Henleys is slashing its account base by 25% after the credit crunch stymied the young fashion brand’s ability to insure orders from some of its stockists.
Henleys said it would axe between 80 and 100 of its stockists out of its total account base of 350. The brand, which is best known for its T-shirts, said it was also streamlining distribution to ensure it was represented in the best and widest way possible. It said it would cull accounts on a case-by-case basis.
Issues with getting credit insurance on orders have become a broader problem for fashion brands in recent months as the credit crunch has led to insurance companies tightening up on cover for retailers.
Both brands and retailers are having to come up with solutions to work around the difficulties, including pro-forma payments and payment plans.
A source close to Henleys said: "Henleys is losing credit insurance on a lot of accounts and that is a pre-requisite, especially if there is no sales history. It is still working with the good accounts but some will fall by the wayside, like the poor payers. It is good to keep reviewing the business. I don’t think that Henleys is being unreasonable."

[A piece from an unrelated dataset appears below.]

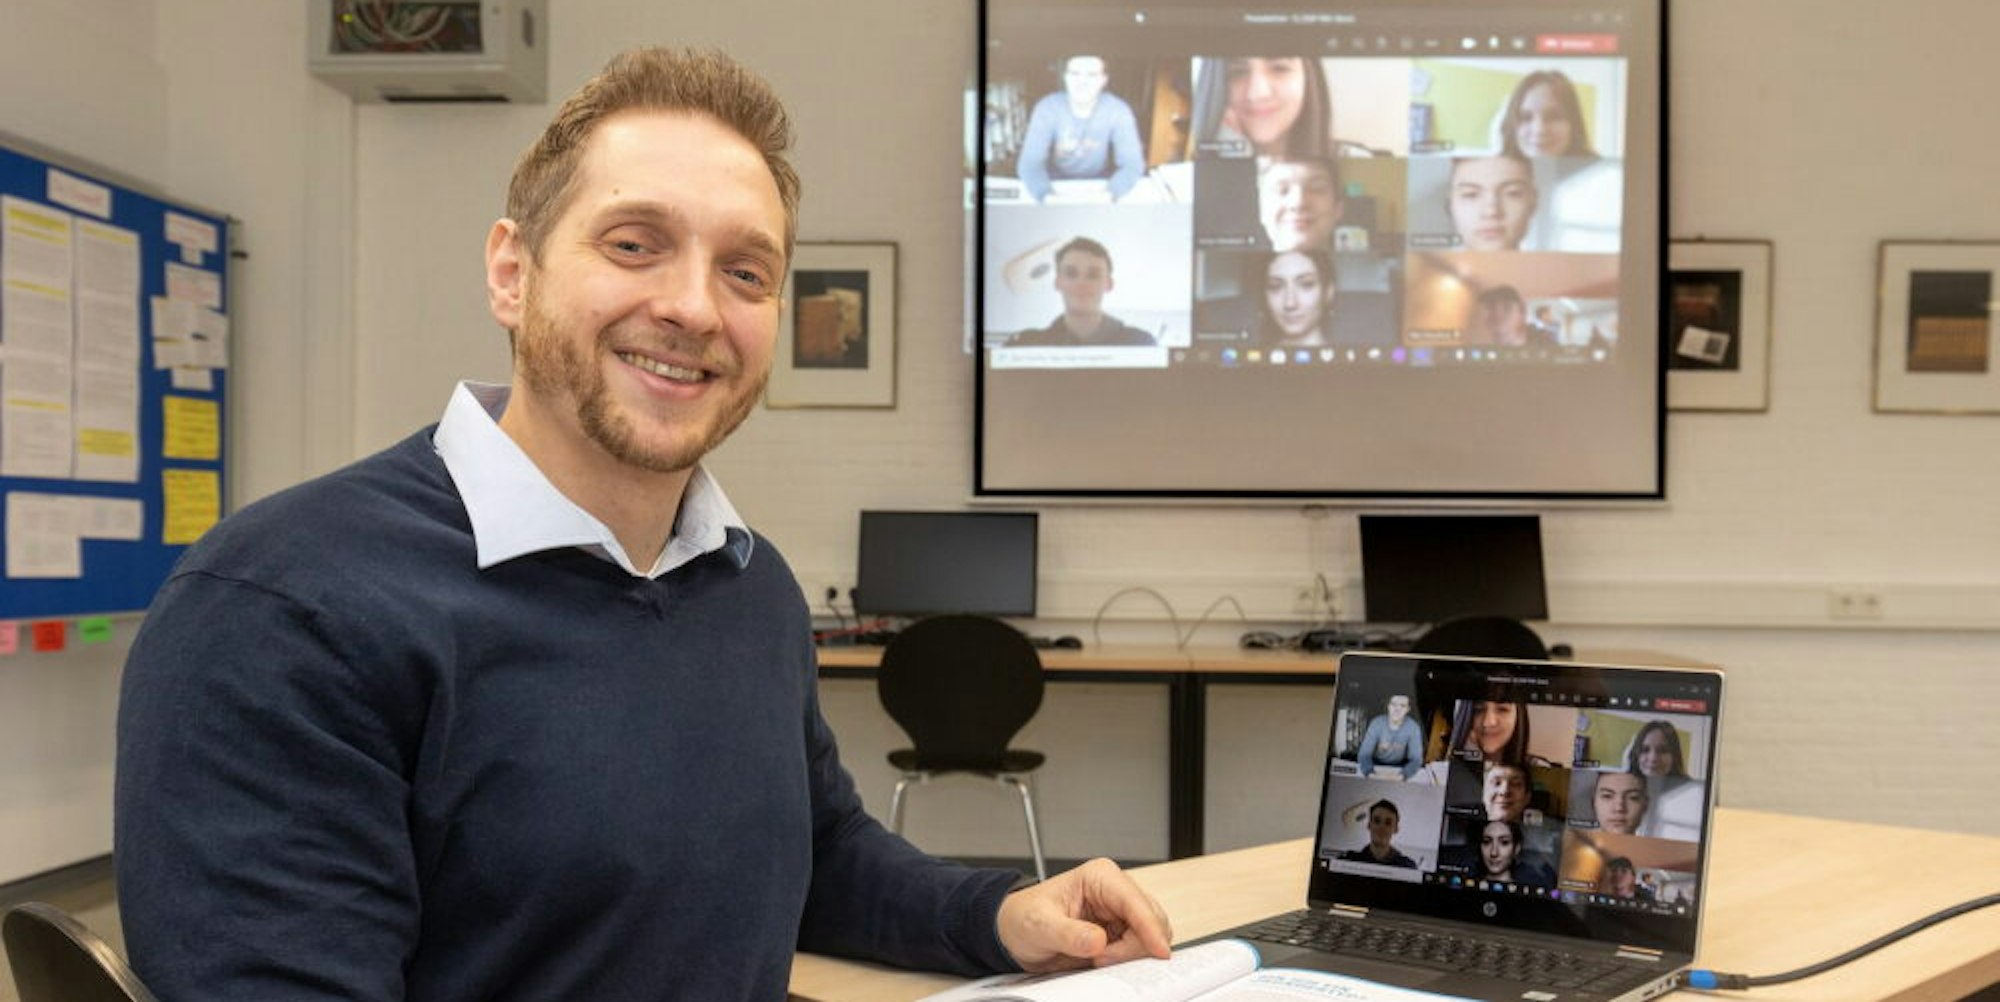 Führt den Projektkurs „Gründerpreis“ und leitet die Videokonferenzen: Lehrer Niels Bartknecht betreut zehn Schüler meist online.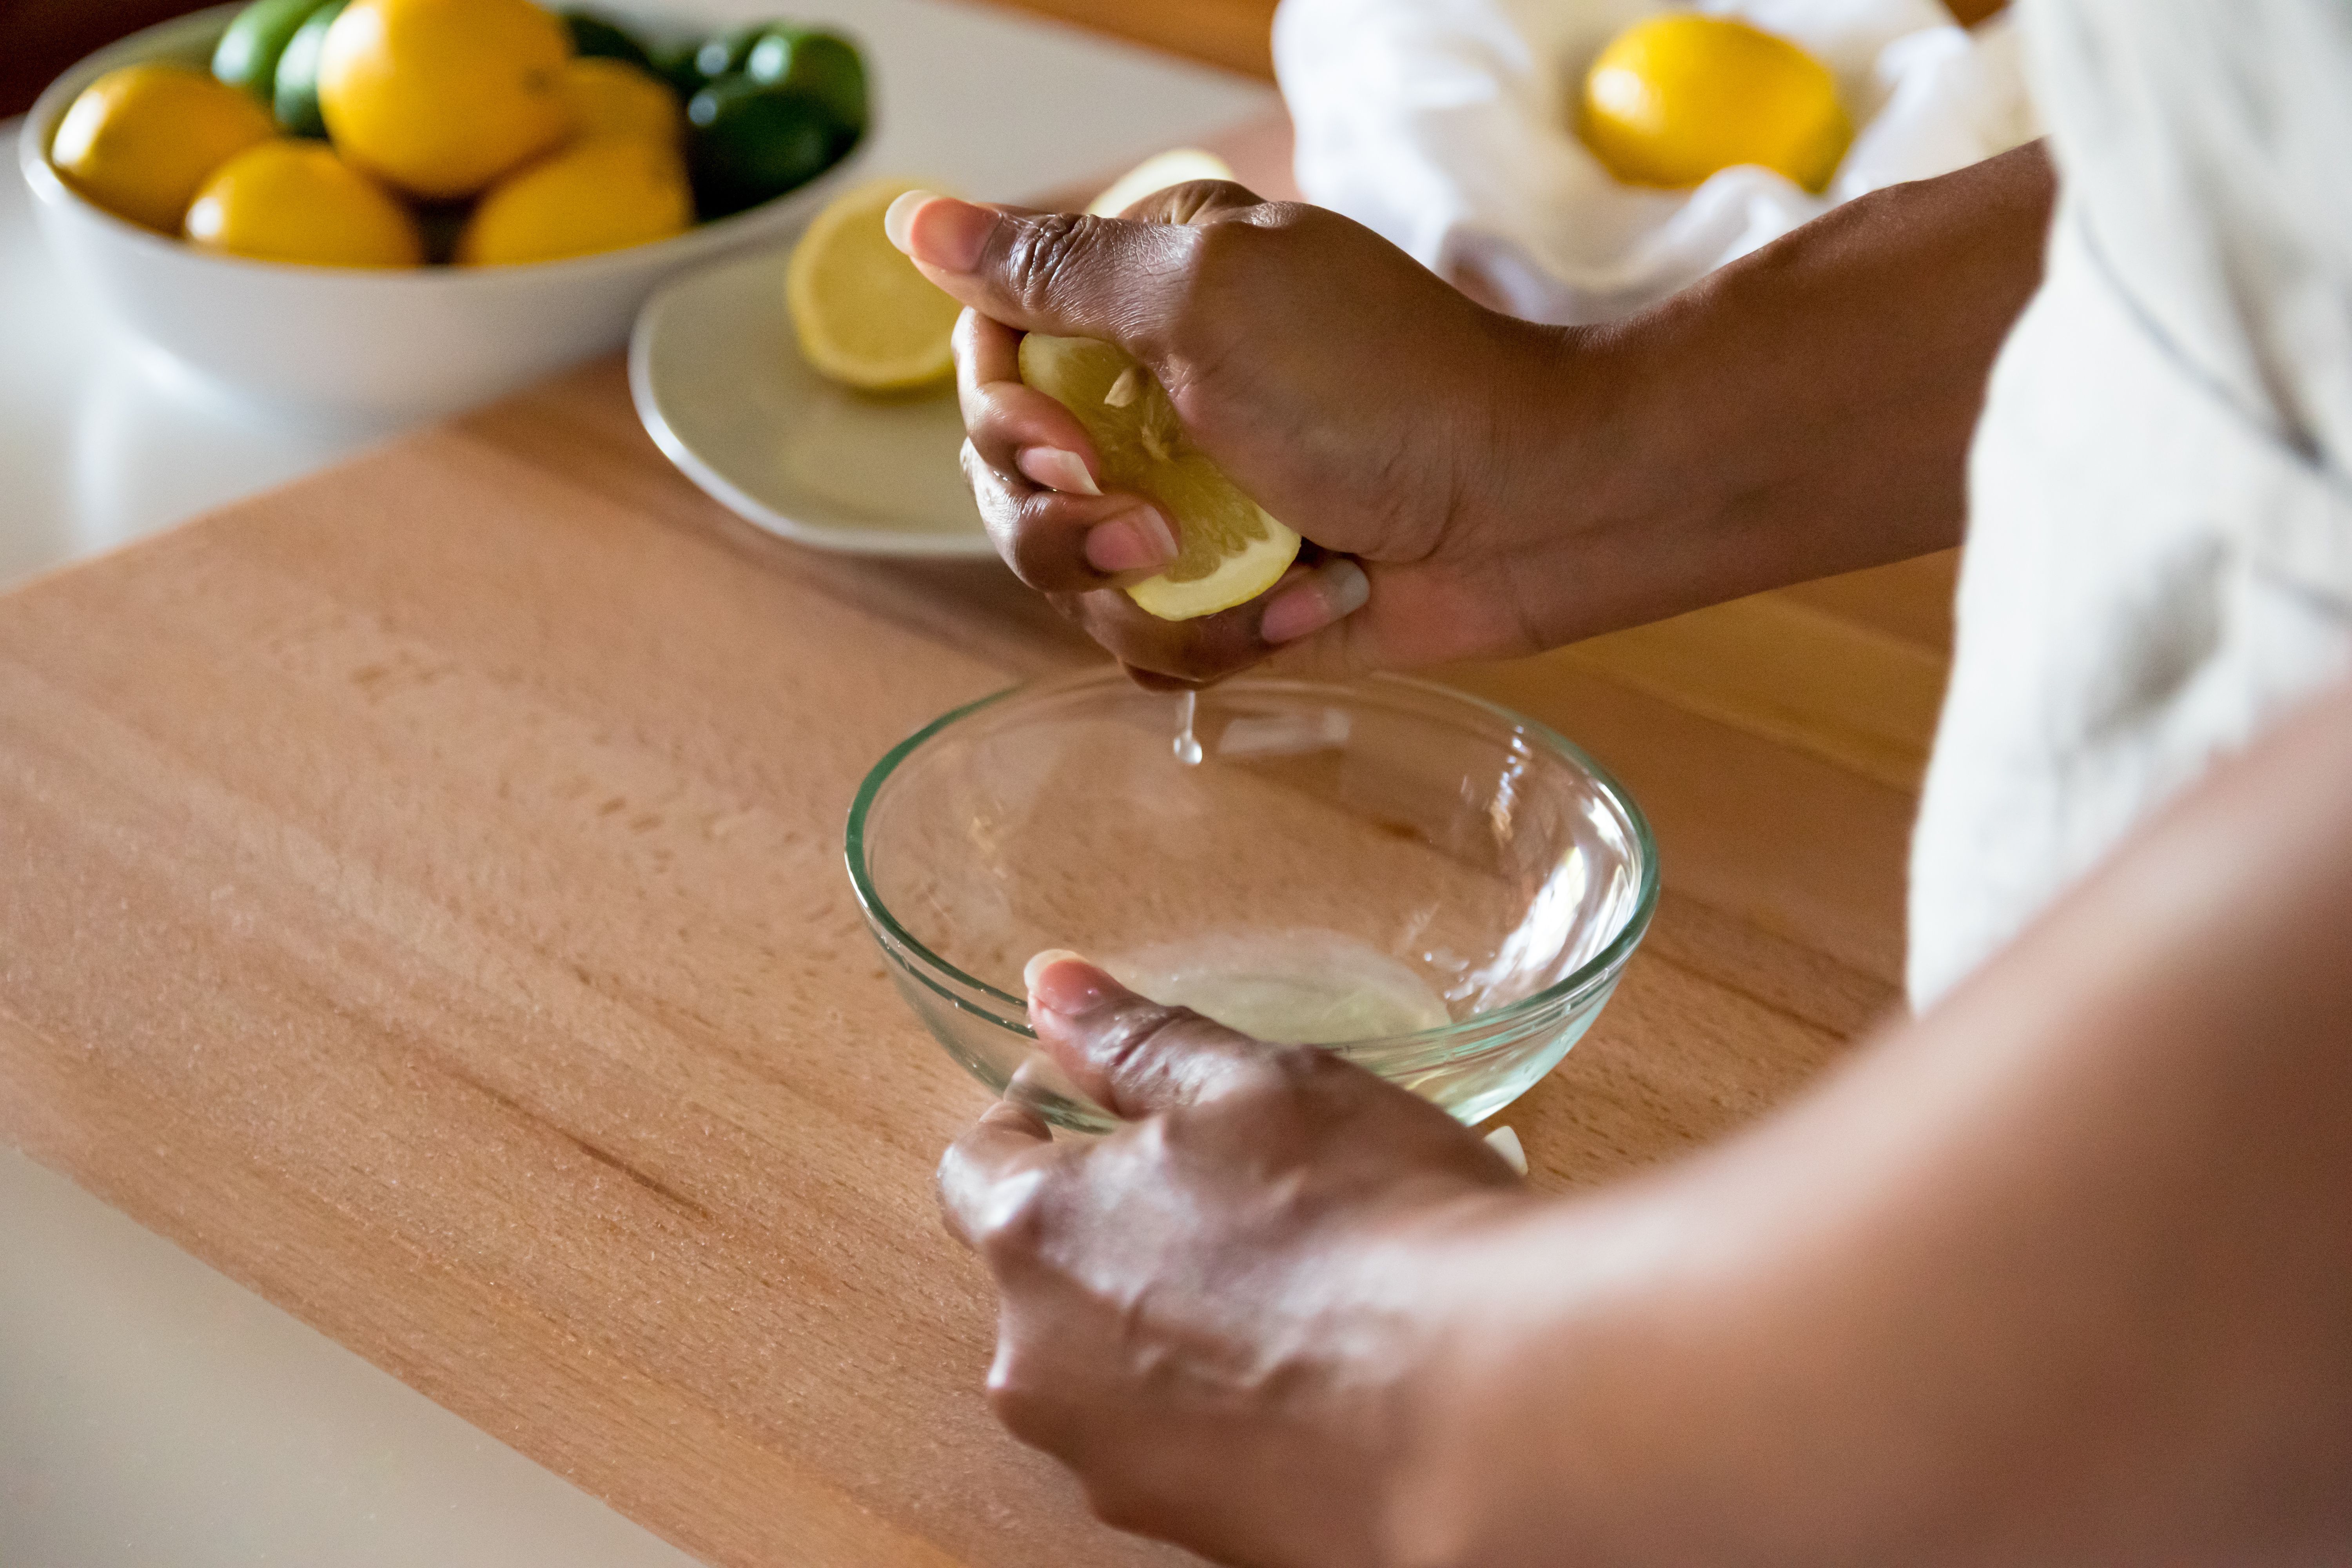 Langsam anfangen: Wer Zitronenwasser zum Abnehmen in den Speiseplan integrieren möchte, sollte die Trinkmenge allmählich steigern und beobachten, wie der Körper darauf reagiert. Für den Anfang reicht der Saft einer halben Zitrone pro Tag.

However, one independent account which has been axed by the brand contacted Drapers and said: "Henleys' commitment to the independent retailers that helped develop the brand to what it is today leaves a lot to be desired. Given the current market climate and tendency for every brand to have its day, I wonder how long it will take for Henleys to come calling again when one or two of the big retailers pull the plug on their forward orders?"